Colorado State University and Colorado University are collaborating on an upcoming study on childhood obesity.

The team, headed by Laura Bellows of CSU’s Department of Food Science and Human Nutrition, will receive about $5 million over five years from the U.S. Department of Agriculture for the Healthy Environments Study, or HEROs.

“Our aim is to help families learn what is most helpful to create a healthy, active family, and then give them tools they can use at home,” Bellows said. “The trick is understanding the home environment and family dynamics around food and activity well enough so that we create tools that are helpful and fit the lives of our families.”

Childhood obesity, diabetes and other weight related issues are approaching concerning levels, so this study hopes to pinpoint the problems and propose solutions.

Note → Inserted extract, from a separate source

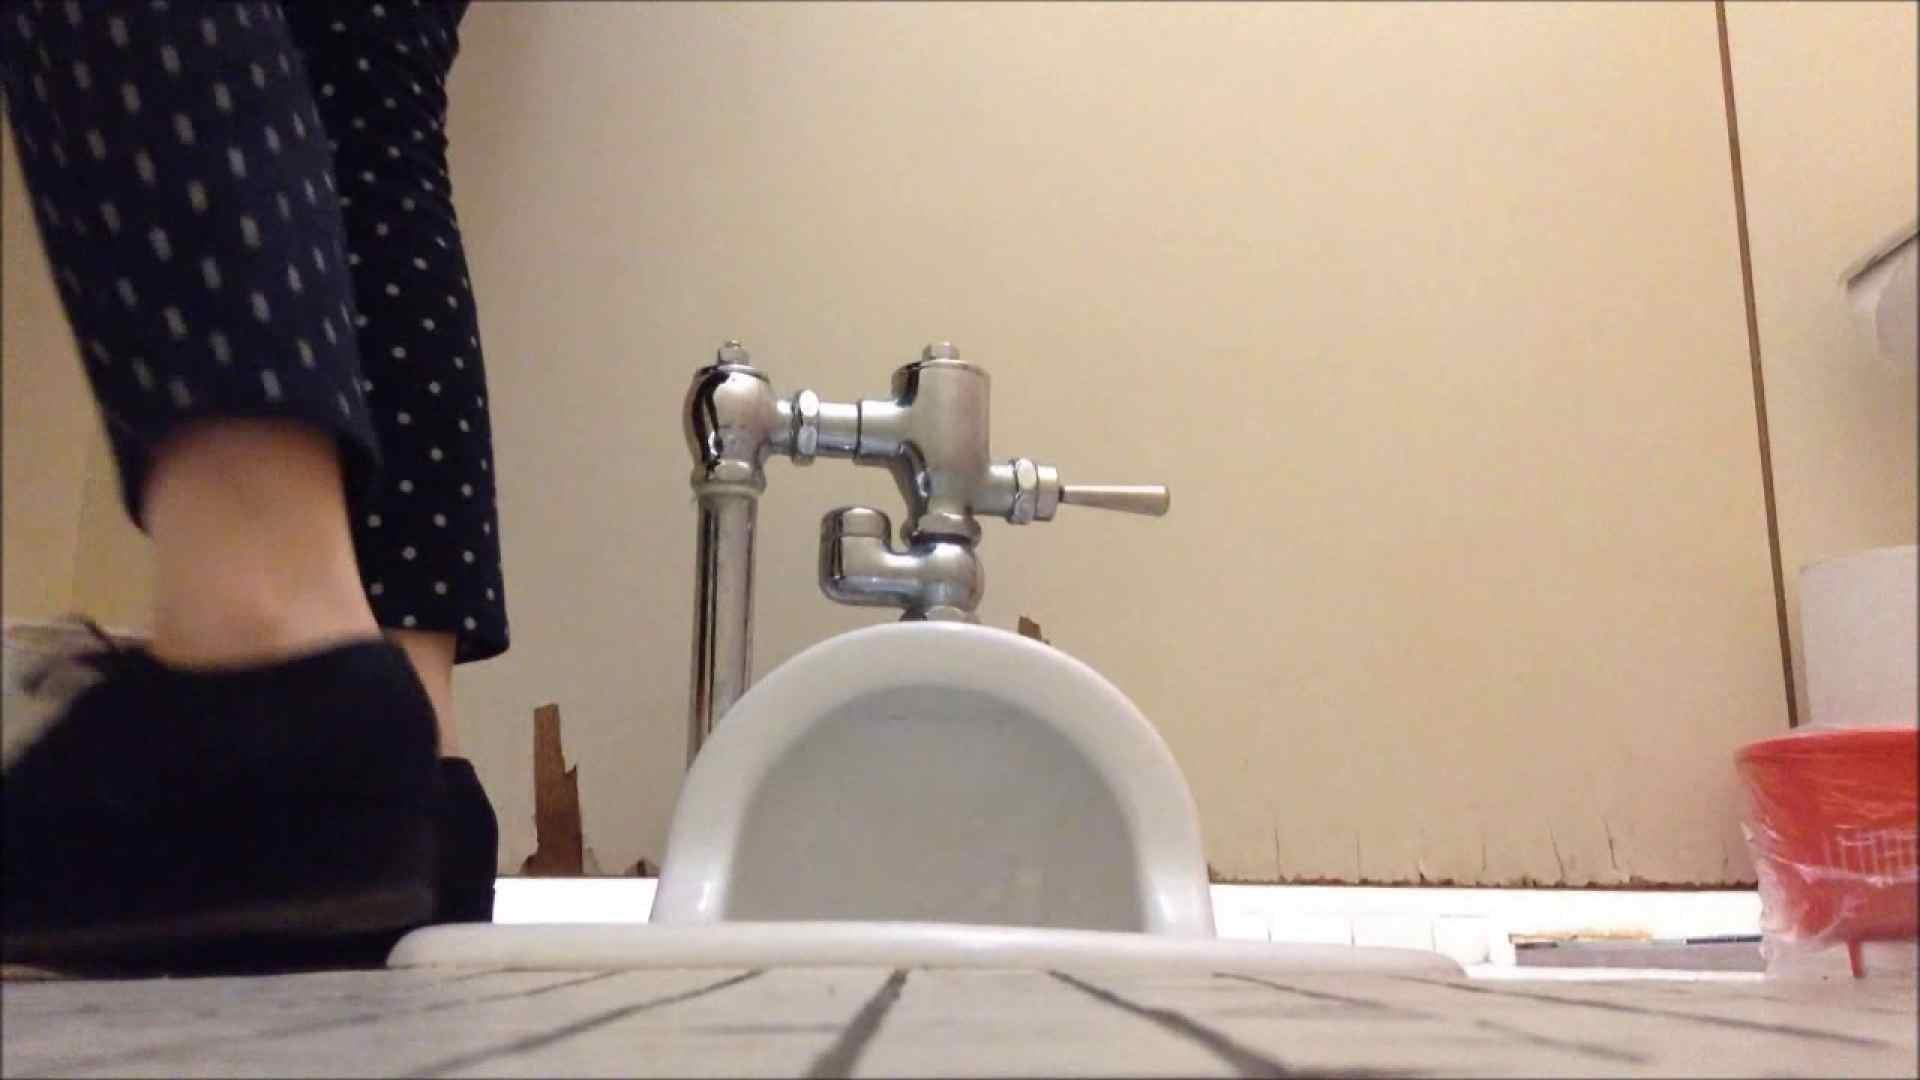 某有名大学女性洗面所 vol.04 和式  20Pix 7
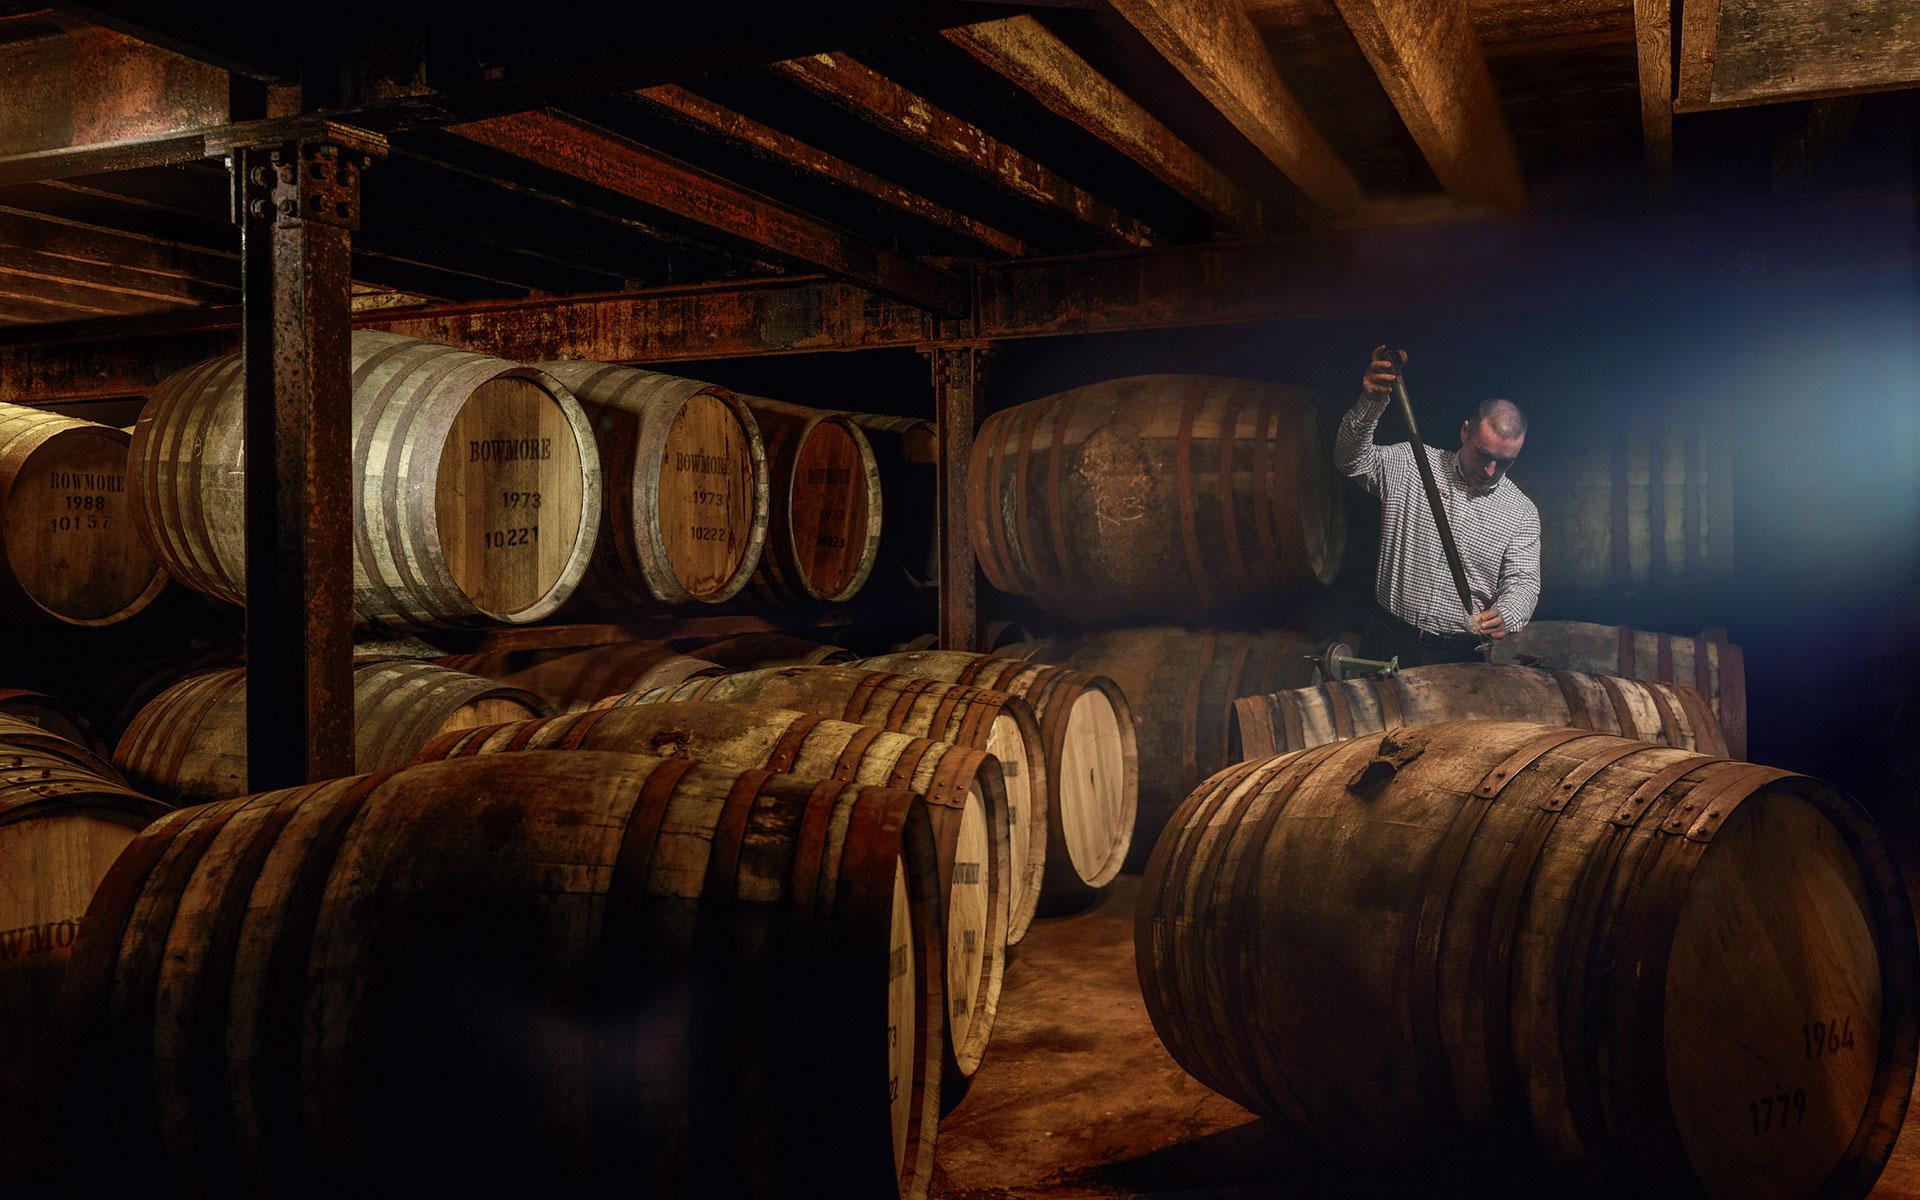 Regelmäßig werden mit einer Valinch kleine Proben aus den Fässern genommen, um die Qualität des Whiskys zu überprüfen (Foto: Beam Suntory)

As you can see in the video, more than just the desire to move affects the amount that we move overall. Confidence plays a role, as does general comfort with movement. If you didn't move a lot as a child, your desire to do so as an adult may be stunted.

The goal is to create an intervention that helps parents connect these dots. And since it is a multi-faceted intervention, Bellows emphasizes the need for expertise in a variety of areas, including child feeding and nutrition, motor development, physical activity, technology, child development, psychology, pediatrics and more.

“To be successful, we need collaboration from multiple departments and several universities,” Bellows said. “There is no way one department could tackle a project of this scope on their own. This is truly a multidisciplinary team science effort.”